Я с грустью провожал глазами Севастополь, разбросанный, на посторонний взгляд, вероятно, неприветливый, каким он виден с Мекензиевых гор.

Я закрываю глаза и вижу поднимающуюся над Корабельной стороной шапку Малахова кургана, высоты Исторического бульвара, круглое античное здание Панорамы, каменные форты у входа в бухту, будто наполовину утопленные в воде. И образ Севастополя не оставляет меня, даже когда по обоим бокам бегут рыжие склоны Мекензии. Это охранные сопки, обветренные и загадочные, унизанные скупыми кустами, которые кажутся маскировочной сетью, прикрывшей грозные форты крепости.
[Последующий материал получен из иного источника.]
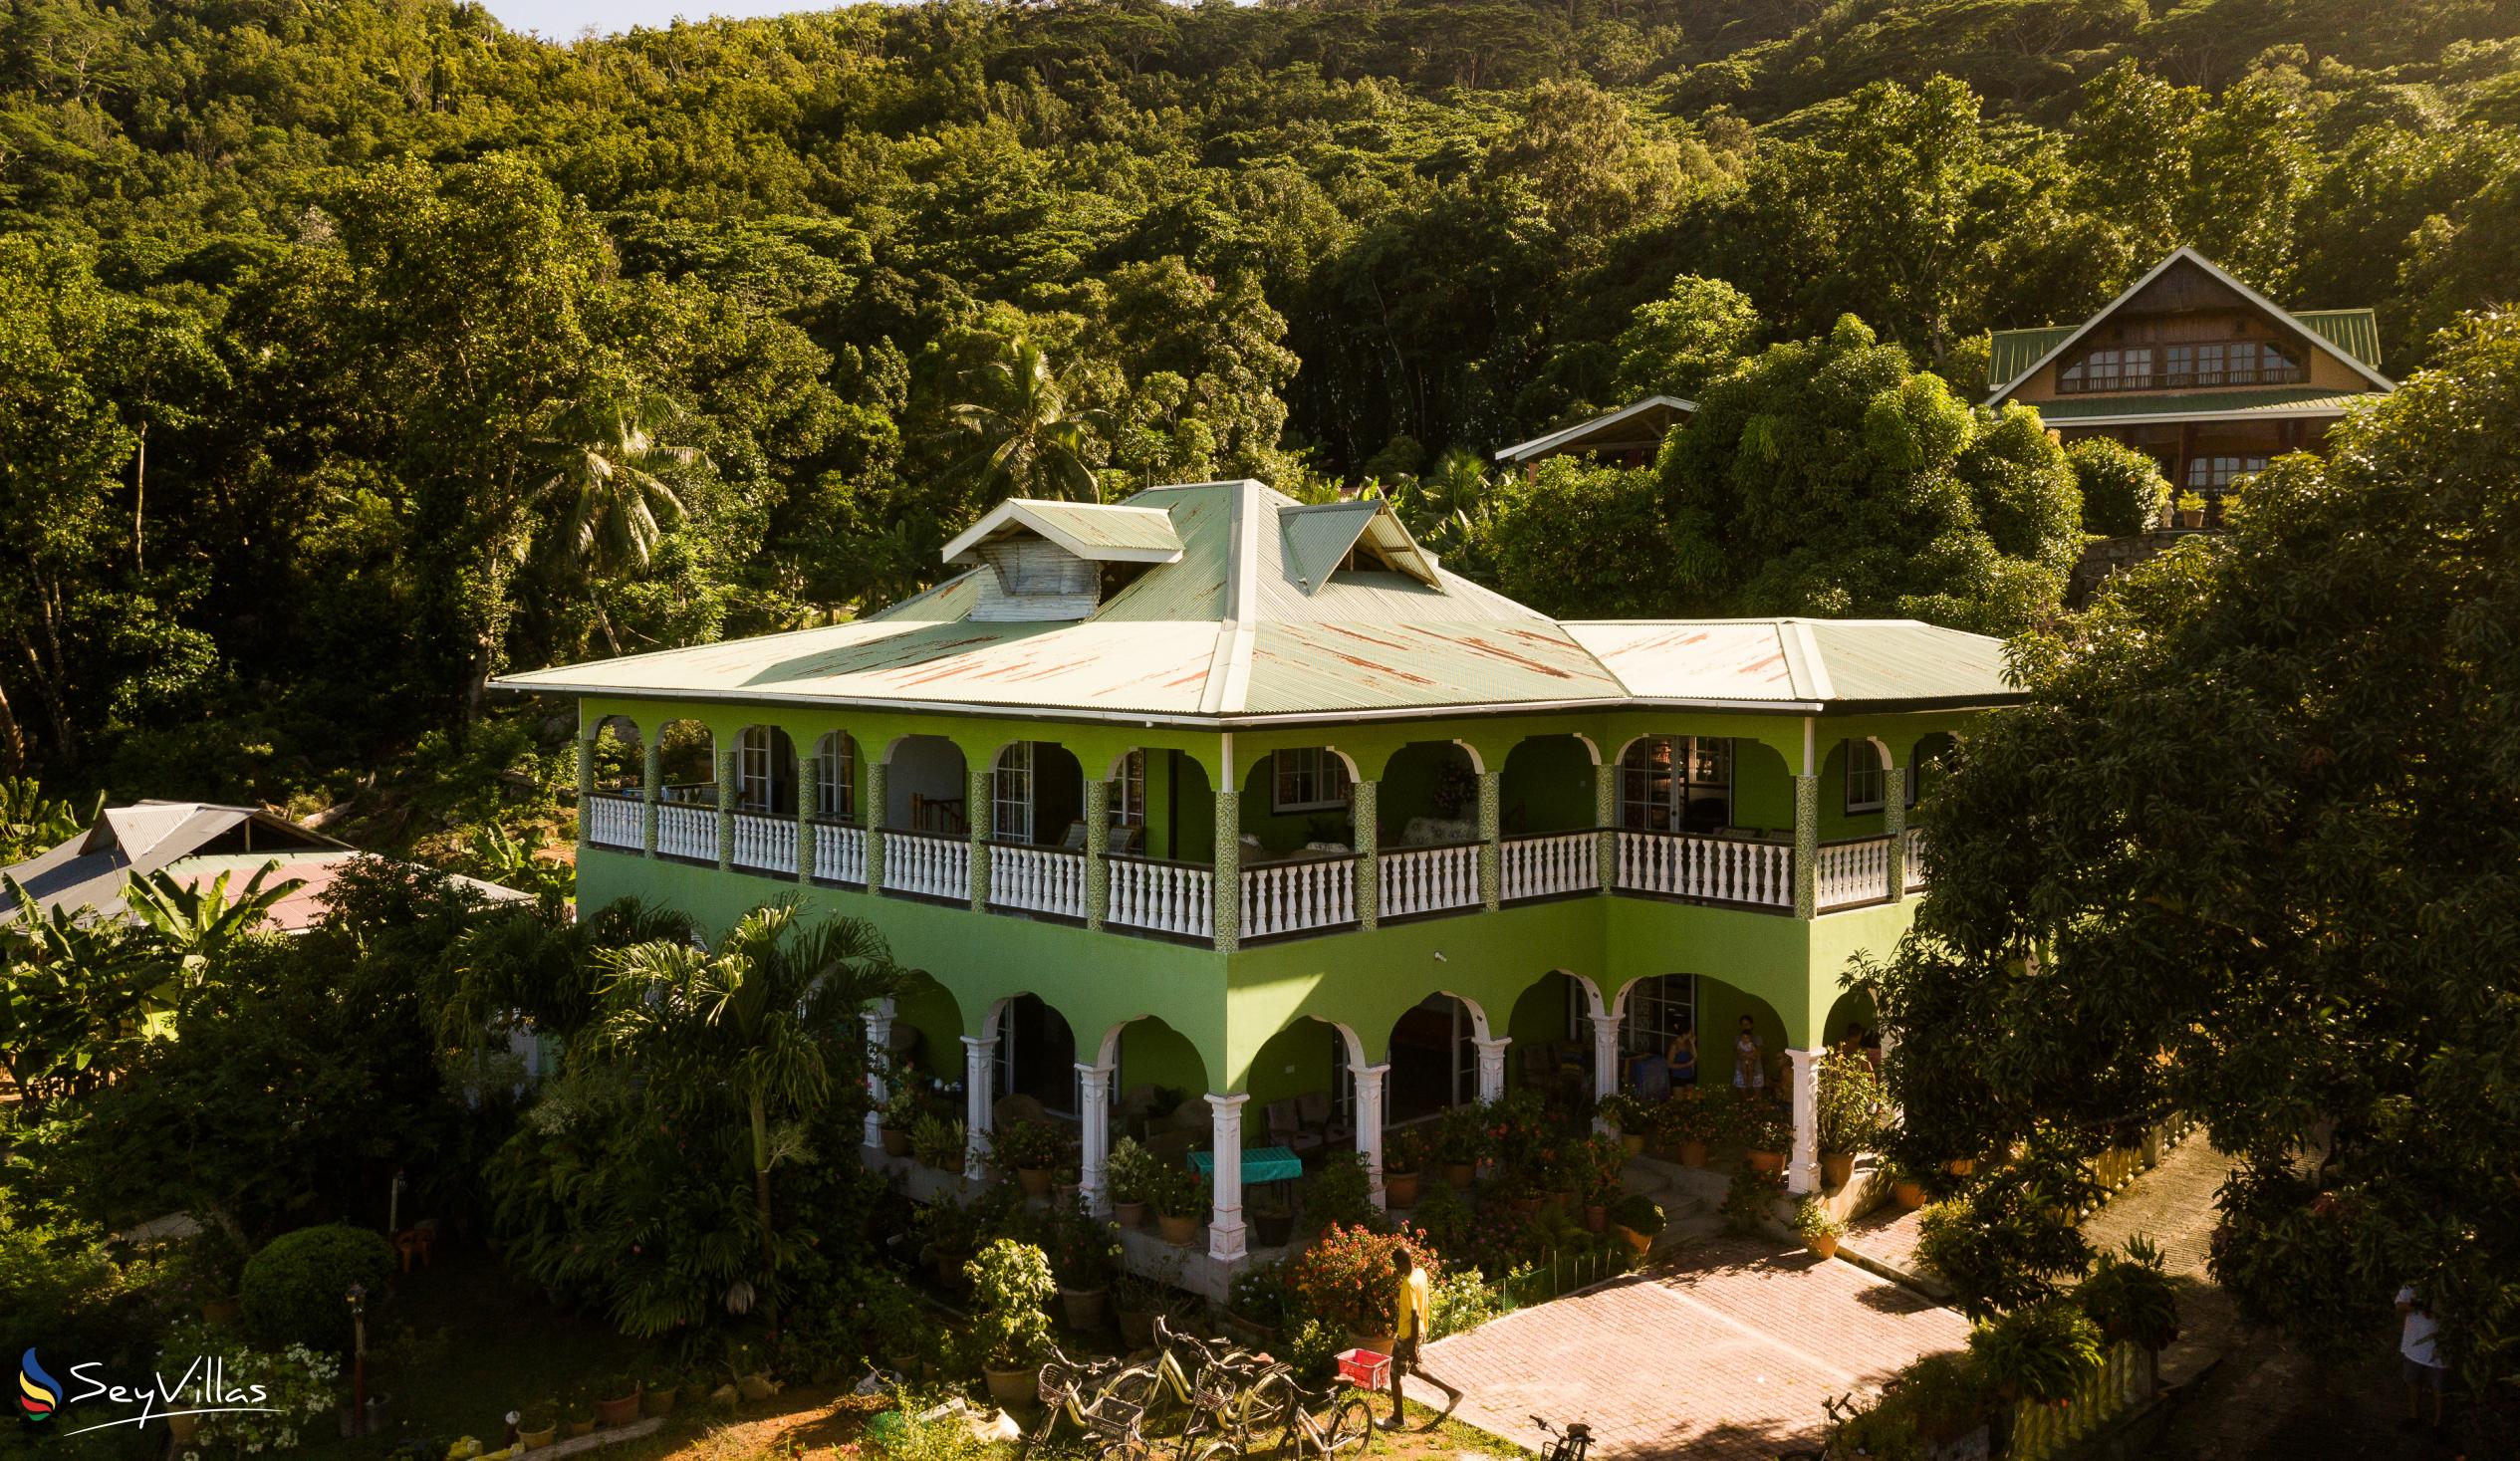 Foto 5: Villa Hortensia - Aussenbereich - La Digue (Seychellen)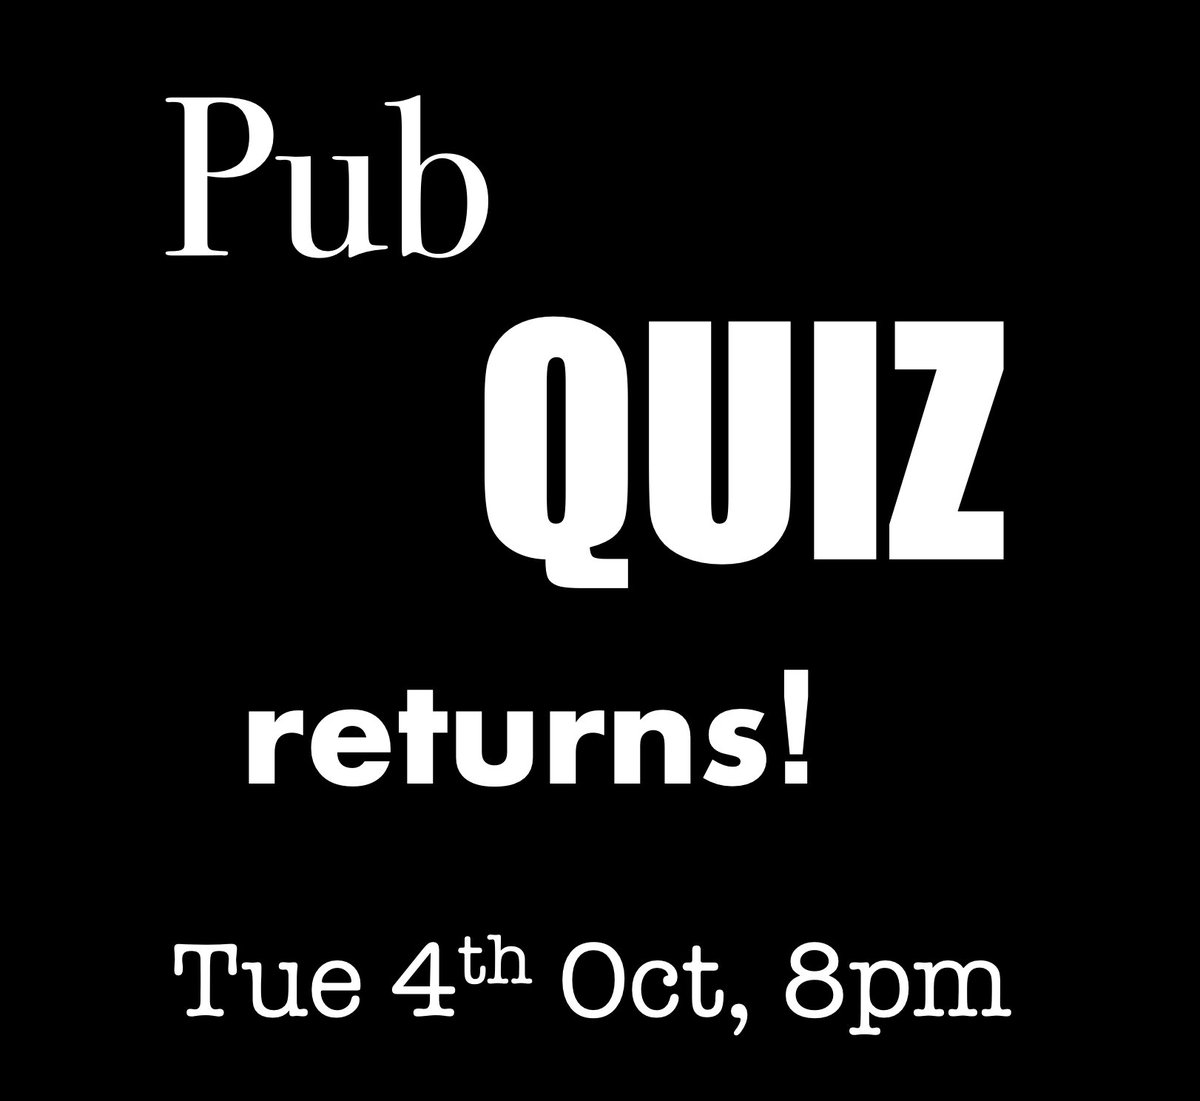 Pub Quiz returns, Tue 4th Oct, 8pm! Max 5 people per team, £1 per person, get here by 7:30pm if you want a seat! #Cambridge #cambridgeuniversity #pubquiz #triviatuesday #trivia #games #fun

А вот и Дуванкой – унылое село, спрятавшееся в лощине среди низких ущелистых гор. Пожалуй, ни одного дома в этом татарском селе не увидишь из дерева, ни одного забора. Все камень, хороший камень, не нуждающийся в облицовке, а при кладке – и в цементе. Кажется, что это один из восточных фортов крепости, замаскированный под село, настолько странными кажутся мне люди, решившие поселиться и провести жизнь в этом безотрадном ущелье прямо у шоссе, на ходу и на виду прохожих и проезжих. В Дуванкое находился внешний контрольно-пропускной пункт севастопольской зоны. Машины к фронту пропускали свободней, но идущие в город подвергали тщательной проверке.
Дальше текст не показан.